It is incredible how, no matter how many times you read them, the Passion narratives still produce little details every Holy Week that you’ve never noticed before, or which catch you by surprise. I wrote on one such detail last year—the joke sceptre given to Christ in mockery by the Roman soldiers, and how it relates to the prophecies of Genesis 49.
This year, I was reminded of a little quirk in John’s crucifixion account: the reappearance of Nicodemus.
38 Later, Joseph of Arimathea asked Pilate for the body of Jesus. Now Joseph was a disciple of Jesus, but secretly because he feared the Jewish leaders. With Pilate’s permission, he came and took the body away. 39 He was accompanied by Nicodemus, the man who earlier had visited Jesus at night. Nicodemus brought a mixture of myrrh and aloes, about seventy-five pounds.[e] 40 Taking Jesus’ body, the two of them wrapped it, with the spices, in strips of linen. This was in accordance with Jewish burial customs. 41 At the place where Jesus was crucified, there was a garden, and in the garden a new tomb, in which no one had ever been laid. 42 Because it was the Jewish day of Preparation and since the tomb was nearby, they laid Jesus there.
John 19:38-42 (NIV)
Nicodemus is unique to John’s Gospel. Famously, he appears in John 3, portentously visiting Jesus under cover of darkness—a religious leader with a reputation at stake, it seems.
I thought on Nicodemus a good bit earlier this year, as our church preached through John. Perhaps it is getting older, but I heard something different and more compassion-inducing in his infamous question, “how can a man be born again when he is old?” I wrote a short poem inspired by that passage—a passage which seems to be redeemed by by what we later read in John 19 (with another brief appearance for Nicodemus along the way in John 7)
In honour of the celebration of the death of our Lord on this Good Friday, I offer that poem below, free to all my readers.

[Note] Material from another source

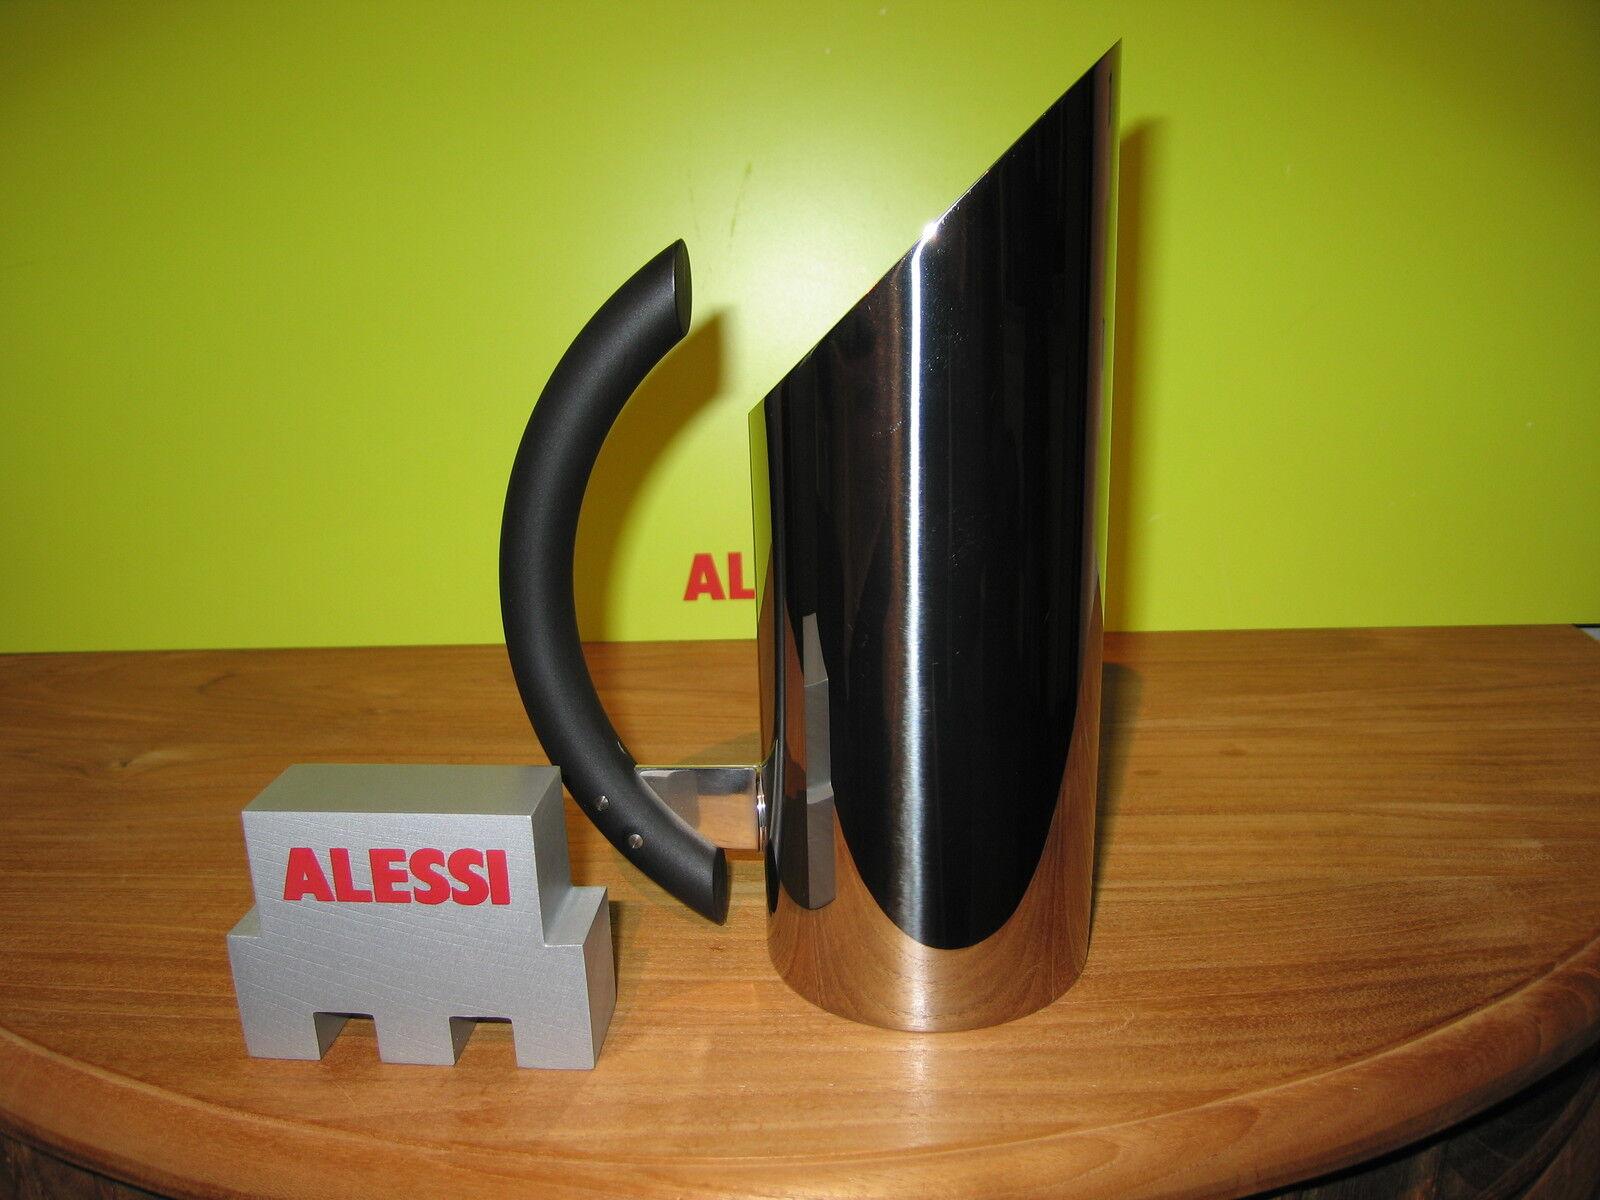 ALESSI NEW Carafe inox Mia H.23,5cm 70cl 70cl 70cl poignée noire MB02 Mario Botta | Approvisionnement Suffisant  | Exceptionnelle  | Vente En Ligne  | Outlet Online Store  2f9035

I will share another poem on the resurrection on Sunday.
Nicodemus
His ageing knowledge, all accrued
without interest. He had pursued
all questions on the lips of youth,
debated each, exhausting truth
in litigation. Now unawed.
The teacher of God-wrestlers: bored.
So when he hears himself ask “how?”,
with some movement of scholar’s brow,
he cannot tell what tone he hears—
the first fresh thought for forty years
or honed and hollow quip? That voice
could be the novel birth of choice
or dead worn groove of will deferred.
Unknown to him is his own word.
Love it. A good word for readers and thinkers and scholars and teachers. Thank you.